In response, the trial court indicated:
Just for the benefit of counsel, this Court, if, in fact, it ends up awarding a judgment for attorney's fees, feels that pursuant to our local rules that that would not be sufficient and will ask, if you could, get accounting sheets and simply attach it to an affidavit. But there's no reason for you to testify in court as to that if it's acceptable to counsel.
[Defendants' counsel]: That's acceptable.
(Emphasis added.) After the trial court found that IFG's proffer was insufficient for the determination of attorney fees, IFG's counsel produced accounting sheets and an affidavit evidencing that the actual fees were $13,485.50. Thereafter, the trial court entered judgment for attorney fees in that amount. Defendants now claim on appeal that IFG should be bound by the original $10,000 figure which counsel unsuccessfully attempted to proffer at trial.

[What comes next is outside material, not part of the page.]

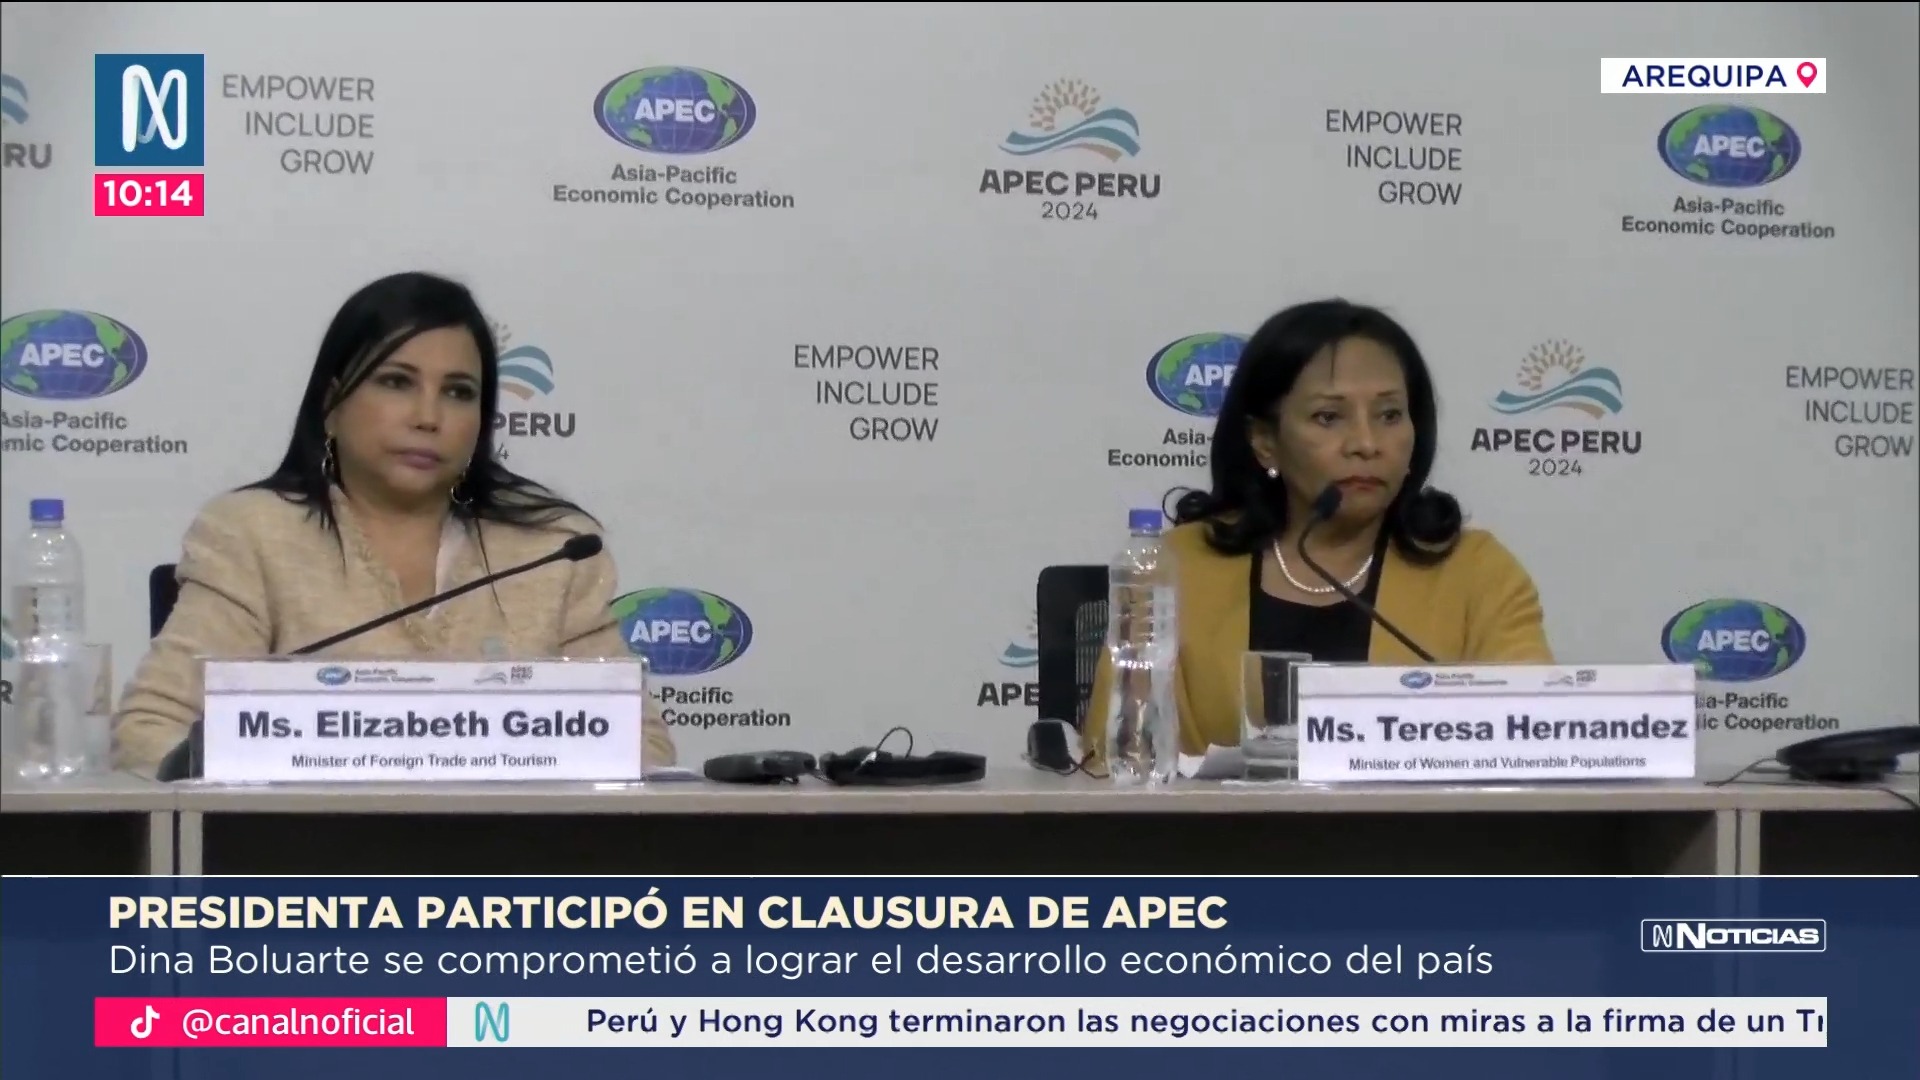 Presidenta Dina Boluarte participó en clausura de APEC

However, inasmuch as the trial court determined that IFG's proffer was insufficient for the determination of attorney fees and since defendants have not claimed or shown that the attorney fees awarded were excessive or lacked an evidentiary basis, we find meritless defendants' contention that IFG should be bound by what was determined to be an inadequate proffer at trial.
We have reviewed defendants' other claims on appeal and find them to be without merit. The judgment of the trial court is affirmed.
STEWART, DURHAM and ZIMMERMAN, JJ. concur.
HOWE, Associate C.J., does not participate herein.